## Tuesday, 23 February 2016

### The maths of qubits

This is part of a project to get people involved with quantum error correction. See here for more info.

If you are reading this, you've probably seen the word 'quantum' before. Probably in a popular science article that called it 'weird', and didn't tell you much else. Or maybe you heard it in Sci-Fi, where scientists treat equations like incantations that just need to be put it in a computer for magic to happen.

In this blog, which is usually about quantum error correction, I have been guilty of this exact same thing. But descriptions like this have serious drawbacks. They make everything seem intangible, beyond the understanding of mere mortals and only to be dealt with by great sages. This is not true at all. I work on quantum stuff, and I'm a bit of an idiot. So now it's time to tell you the truth about quantum!

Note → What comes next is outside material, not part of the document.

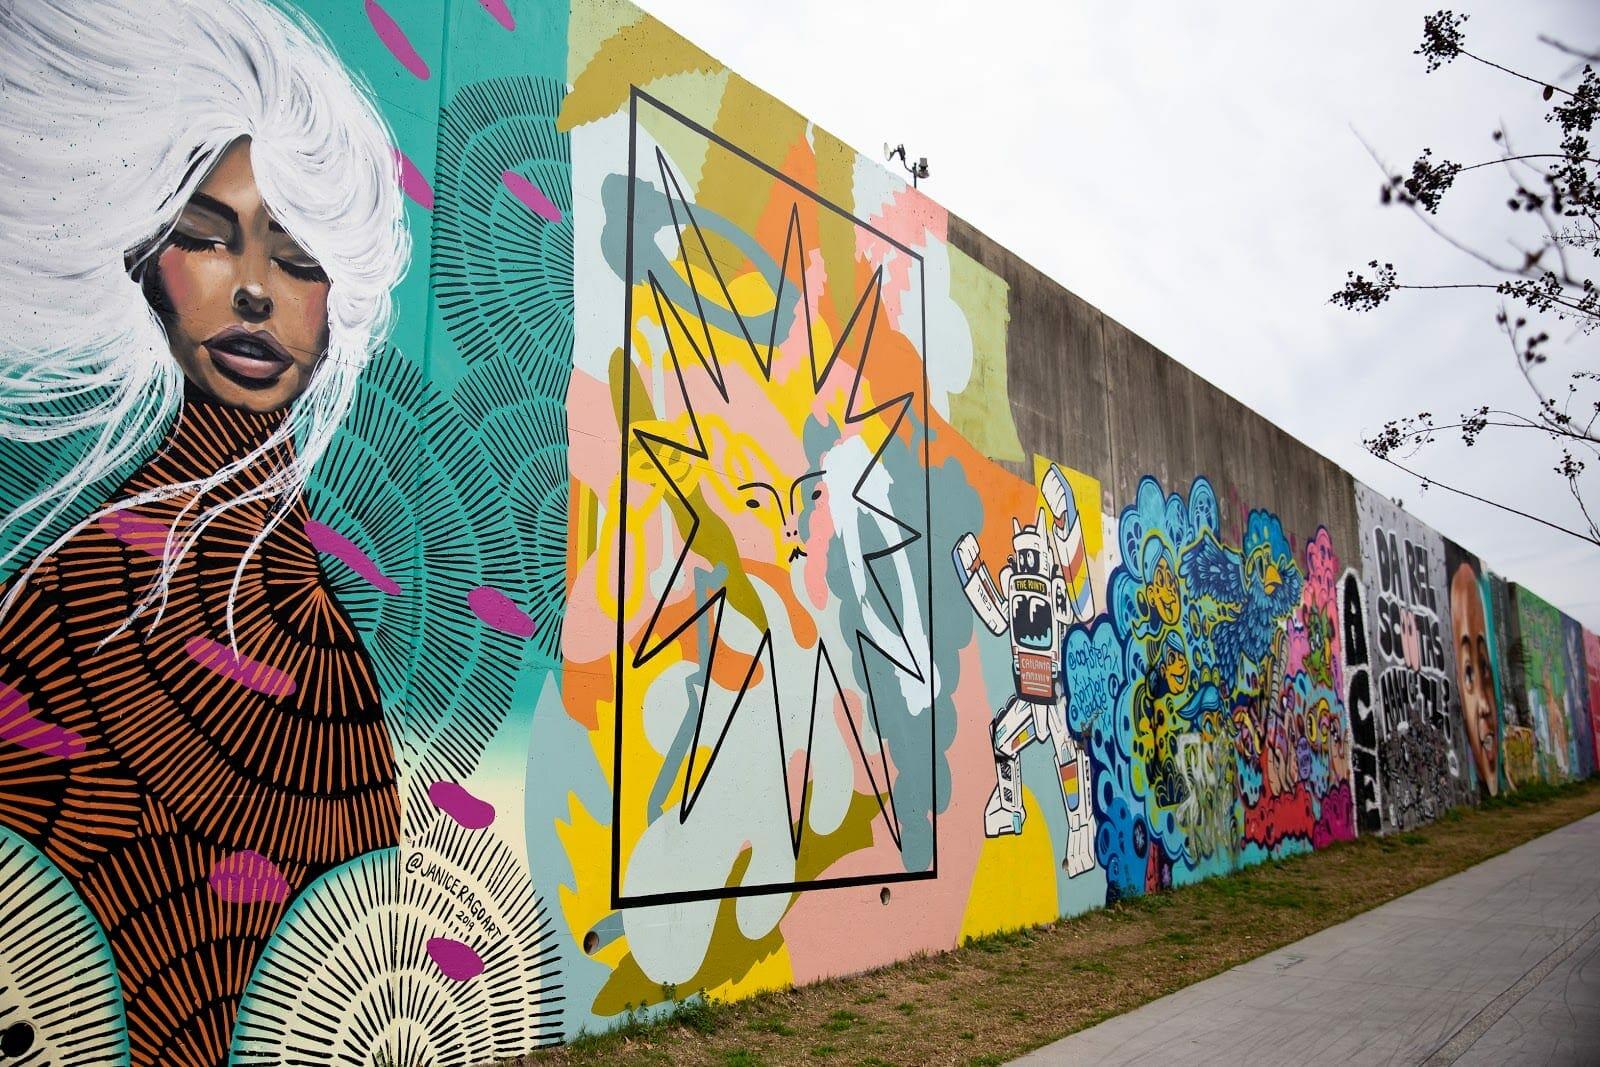 Forward Warrior murals in Cabbagetown.

To do this, we are going to need some maths. But don't be scared! Maths isn't always scary. Puzzles are maths, and they are fun (check out our own quantum game, for example).

I'm not saying that the maths in this post will be fun, but I'll keep it as simple and painless as I can. I'll only use the kind of maths that people learn at school, and I'll bear in mind that you've probably forgotten it all (and probably never understood it in the first place).

The basic maths of quantum mechanics isn’t all that hard. In fact, it can be a lot easier than what we have to deal with in the non-quantum world sometimes. If you have already been taught about vectors and complex numbers, you should probably find it quite straightforward. But for those who don't know about such things, this blog will try to give you some idea of the maths behind qubits.

States and measurements

First, let’s talk about states. We use the word ‘state’ to describe what a bit, or qubit or whatever is doing. Bits are pretty simple because they only have two possible states: 0 and 1. At any time it is either in state 0 or state 1. It cannot be both and it cannot be neither. A qubit is also built around these two basic states. But it can also be one of an infinite number of superposition states, where it is some degree of 0 and some degree of 1 at the same time.

When you measure a bit, you ask it whether it is in state 0 or state 1. You can also ask the same question of qubits. If its state is not 0 or 1, but is instead in a superposition of them, the qubit will randomly choose which one to be. If the superposition is more biased towards 0, you'll most likely get 0 and vice-versa.

It would be nice to get more information out of a qubit. It would be nice to find out exactly which of the infinite number of superposition states it is in. Unfortunately, there is no way to do this. We are limited to simply asking whether it is in one state (like 0) or a completely different state (like 1), and putting up with randomness in the result when it is neither.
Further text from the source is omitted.